O interesse popular ou erudito sobre o período tem todo o sentido: o grande império chinês ruiu, principalmente devido à fome mercantil inglesa. Os mesmos discursos chochos que se diz sobre o Japão (“país entre o passado e o futuro”, país em que “o presente dá as mãos ao passado”, país “entre a tradição e a modernidade”) são usados para descrever essa China. Embora chatos, eles têm algo de veracidade: a Xangai dos anos 1920-1930 era uma cidade de forte presença inglesa e até hoje, quando se passeia pelas ruas de Macau ou Hong Kong, o que se vê ali é a lembrança dos europeus, a alta tecnologia dos prédios, e o que sobrou de um glorioso passado de templos e construções governamentais. E, lógico, aqui e ali, bairros inteiros do período que chamamos medieval. Essa mistura talvez explique o simplismo do raciocínio “passado-presente”. Mas um país de cinco mil anos de história ininterrupta é bem mais que isso, certo?

De todo modo, Lu Xun viveu justamente nessa época e viu invasões sem guerra (ou quase), as cidades sendo modificadas em seu perfil, com os telhados com dragões sendo substituídos por casas à inglesa, com tijolos vermelhos aparentes, os homens trocando as tradicionais roupas chinesas por ternos bem cortados (até hoje a alfaiataria chinesa é uma das melhores do mundo), as mulheres continuando a usar os Cheongsam (ou Qipao), mas já com cabelos curtos à europeia e acessórios nada orientais, e por aí vai. É claro que esse universo de transformação palpável e visível encontra eco no universo das artes, seja na pintura, seja na literatura.

E assim nasce a literatura “ocidentalizante” de Lu Xun. Valeria anotar que essa chamada ocidentalização da escrita levada por Lu Xun à China não era exatamente uma abertura totalizante às “coisas” ocidentais. Muito pelo contrário. O autor pregava, por exemplo, o repeito ao chinês tradicional.

Edição bilíngue de Flores Matinais Colhidas ao Entandecer.

O que o leitor vai encontrar em Flores Matinais Colhidas ao Entardecer? Uma introdução muito pertinente de Gao Qinxiag (não confundir com o Nobel, que é Xingjian), diretor do Instituto Confúcio, que apoiou a tradução, uma introdução do próprio Lu Xun, que costumava trazer comentários às suas coletâneas, os contos ou memórias muito sutis, como costuma ser a escrita de Lu Xun, e ainda um posfácio dele mesmo.
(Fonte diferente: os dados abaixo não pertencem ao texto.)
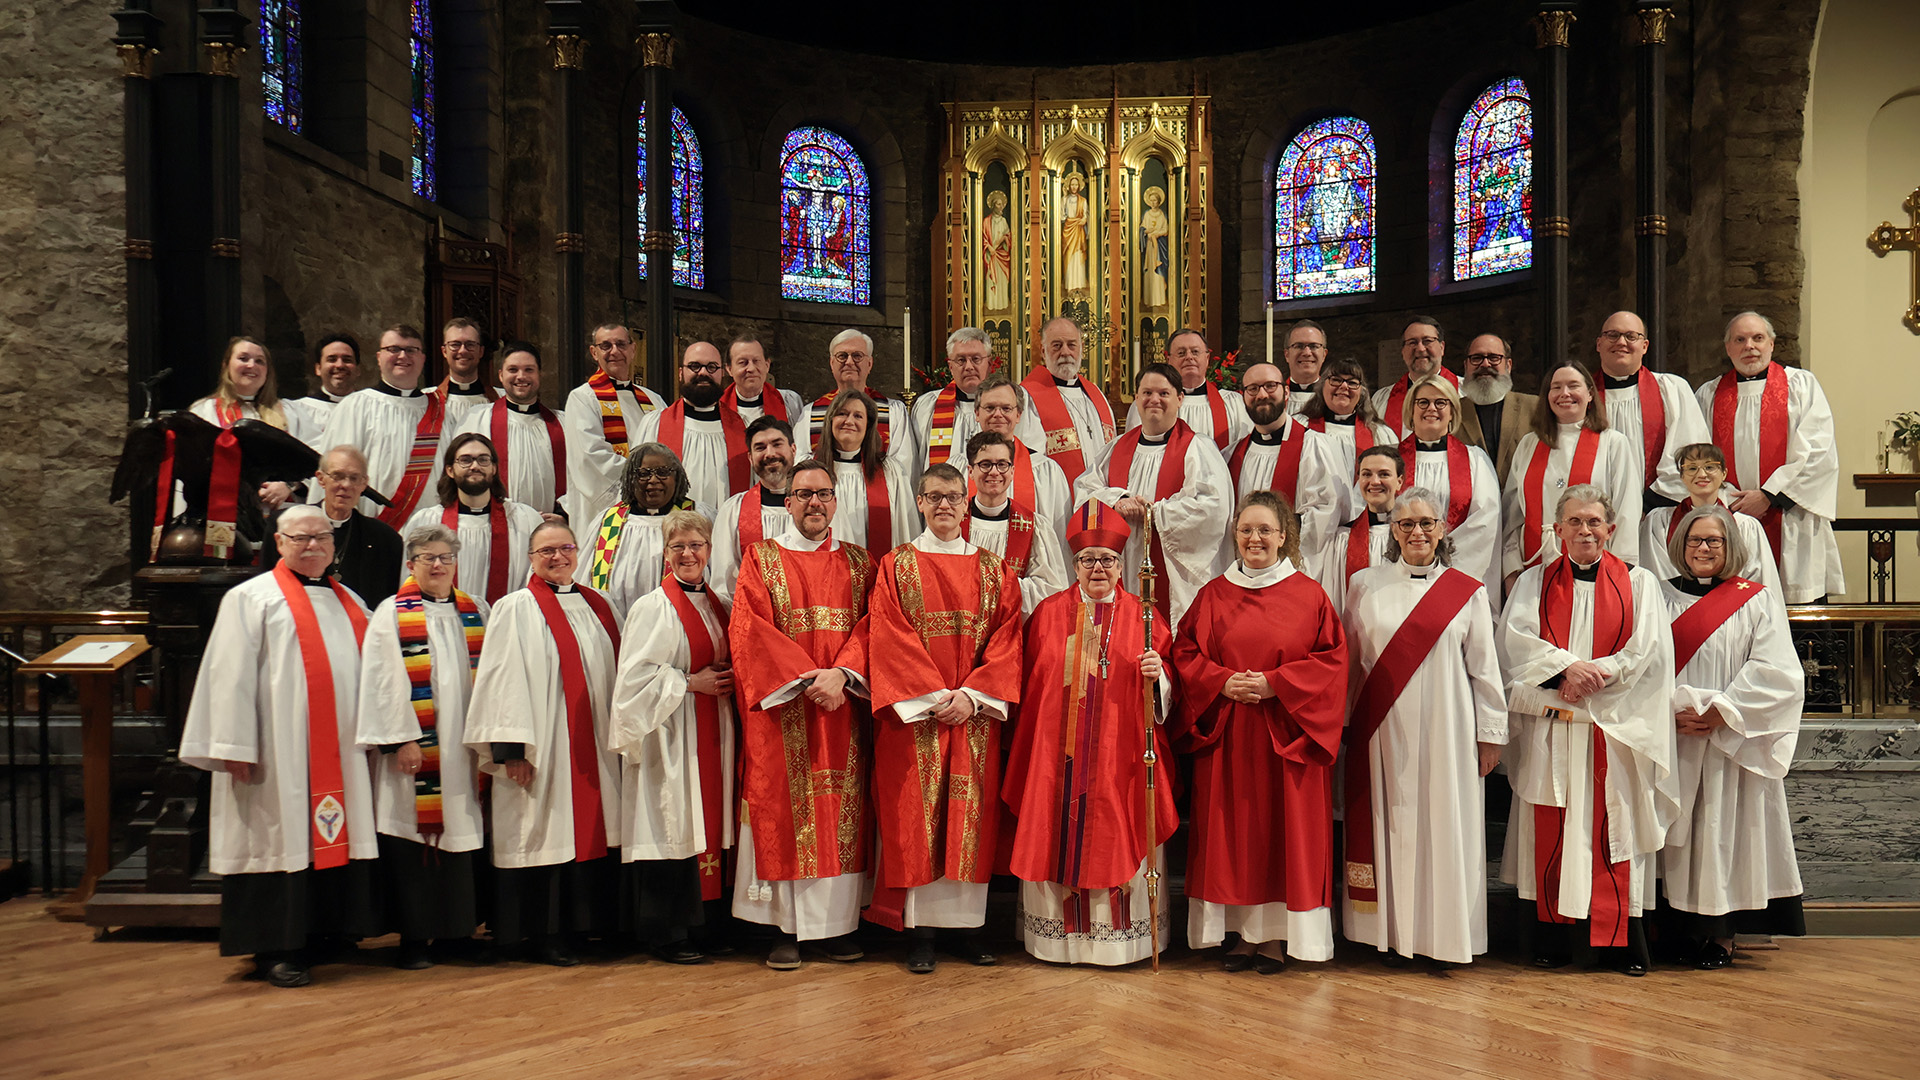 The Diocese of West Missouri Celebrates the Diaconal Ordination of Mark Andrew Bowers, Silas Engstrom, and Katherine Louise Mansfield

O interesse de Lu Xun era intenso, vívido, multifacetado. Cada conto de Lu Xun é uma ala em particular de seu templo de escrita, como cada ala tivesse sido construída em um estilo, mas sempre de forma muito agradável e leve, por vezes irônica ou melancólica (ou ambas). Os contos iniciam com um cômico pequeno tratado sobre “ódio aos gatos” (o animal é figura presente tanto na literatura chinesa quanto na japonesa) e trazem relatos sobre a doença do pai ou sobre a vida rural.

O olhar é agudo, por vezes quase religioso sobre as coisas do mundo, bonito e gentil com a humanidade.

Espero que essa edição de Lu Xun promova mais interesse dos leitores brasileiros e que traga mais pesquisas sobre uma grande obra, de um dos mais importantes escritores profícuos na década de XX do século passado. Na minha lista de grandes obras modernas dos anos 1920, certamente o nome do autor chinês aparece com frequência.